The invention relates to a method for determining supply voltages of a load, and also a load.
In this regard, the load is a multiphase load, that is to say a load that is connected to a multiphase, in particular three-phase, supply network. In this regard, the supply network comprises a plurality of supply phases and also additionally, or respectively an additional, neutral conductor phase.
In the context of monitoring systems, for example for monitoring the condition of the load or also for monitoring energy consumption, electrical variables of the load are determined during operation. Parameters for maintenance or wear are then derived from these variables, for example in the context of condition monitoring. A fundamental variable in this regard is the supply voltage for the load. In the case of a three-phase supply network, the individual supply voltages of a respective phase typically have a phase relationship of 120°. The load usually comprises a plurality of sub loads that are suitably connected to the individual phases. The load is a three-phase electric motor for example, and the sub loads individual coils or groups of coils in that electric motor.

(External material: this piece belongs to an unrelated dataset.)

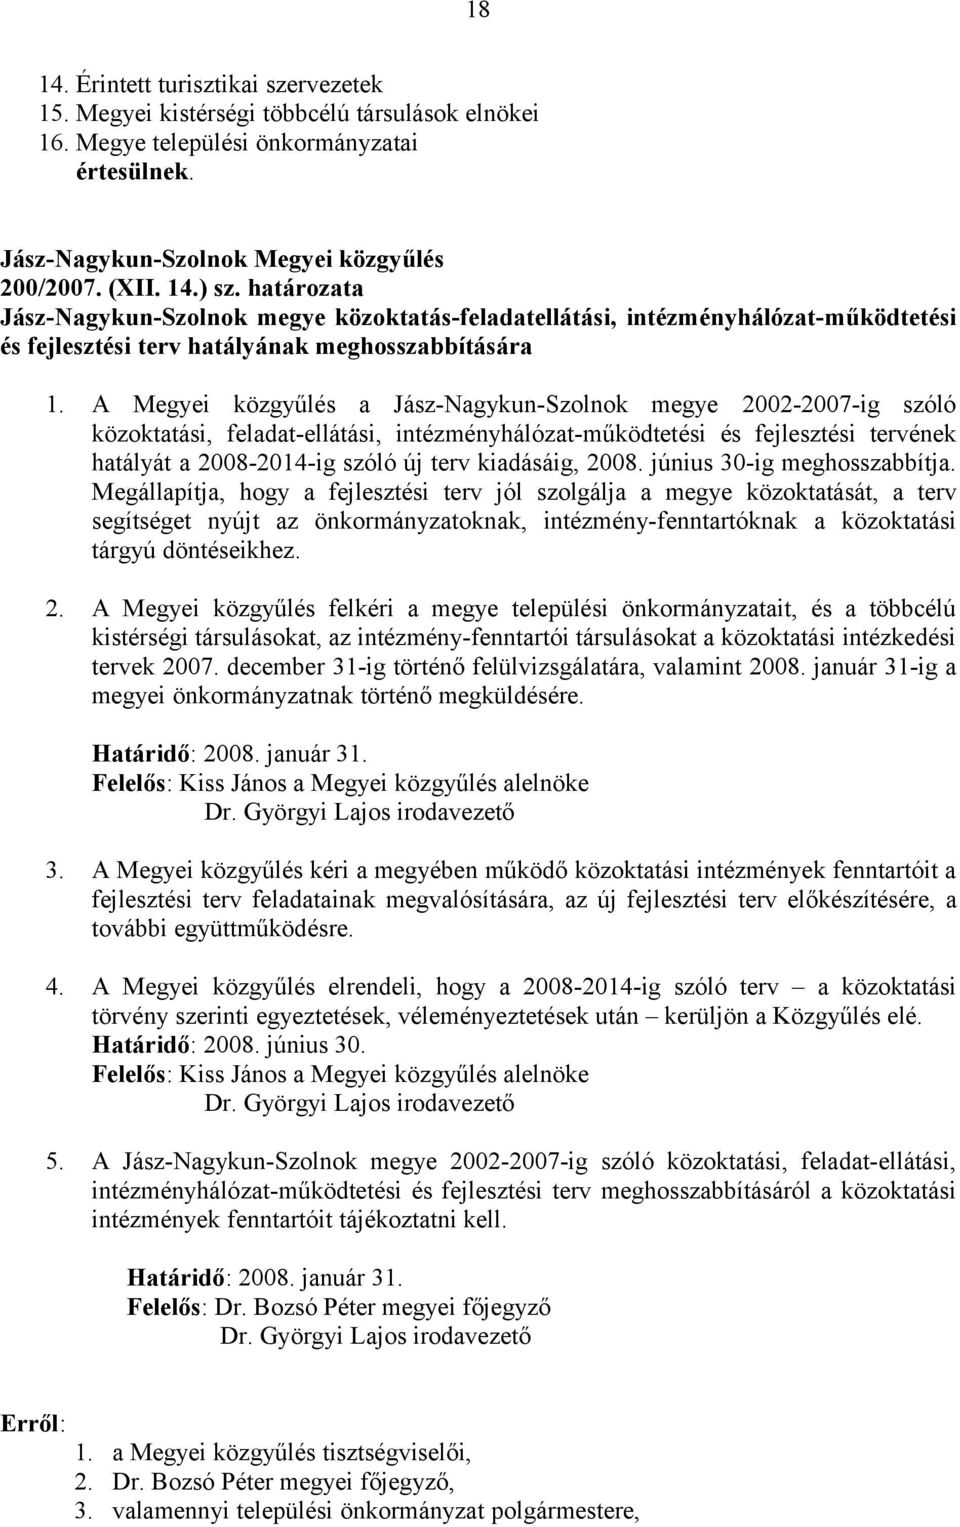 A Megyei közgyűlés a Jász-Nagykun-Szolnok megye 2002-2007-ig szóló közoktatási, feladat-ellátási, intézményhálózat-működtetési és fejlesztési tervének hatályát a 2008-2014-ig szóló új terv kiadásáig,

Measuring the voltage of loads of this type requires that the supply voltages of the individual phases be determined. To this effect, a voltage divider is usually assigned to each phase for the purpose of measuring voltage, the voltage dividers being wired up to a common measurement potential as a reference point.
In real-life systems, however, and depending on the current operating situations, the measured voltage of a respective phase measured in this way is not necessarily identical to the actual supply voltage applied to the (sub) load. Thus, for example, the respective supply voltage is also dependent, inter alia, on how and in what way the load is wired up to the supply network, whether this is by way of a so-called star connection or by way of a so-called delta connection, for example. In the first case, a voltage at the level of the voltage of the respective supply phase applies in each case, usually 230 Volt. In the case of a delta connection, a higher voltage, typically around 400 Volt, is applied to the sub load. At the same time, however, a measured voltage of only 230 Volt would be measured in each case.
In the presence of unsymmetrical loading of the various phases, this can moreover also result in shifts in the phase angle, likewise resulting in differences being produced. Ultimately, potential differences frequently exist between the measurement potential, that is to say the reference potential for the measured voltage and the network potential, that is to say the reference potential for the individual (sub) loads.
In addition to the three conductor phases of a three-phase supply network, an additional neutral conductor is also connected to the load in some systems, which in that case defines the network potential, that is to say the reference potential.
There are also characteristic differences in the definition of network reference potentials according to the country. In the USA, for example, the potential of one of the supply phases is also used as a reference potential.
Nowadays, so-called voltage transformers are employed to even out potential differences, which transformers are connected in series with the measuring system as hardware components to prevent incorrect measurements due to potential differences. Voltage transformers of this type are employed for measuring power in external measuring modules, for example. However, this is associated with a high level of cost in terms of hardware.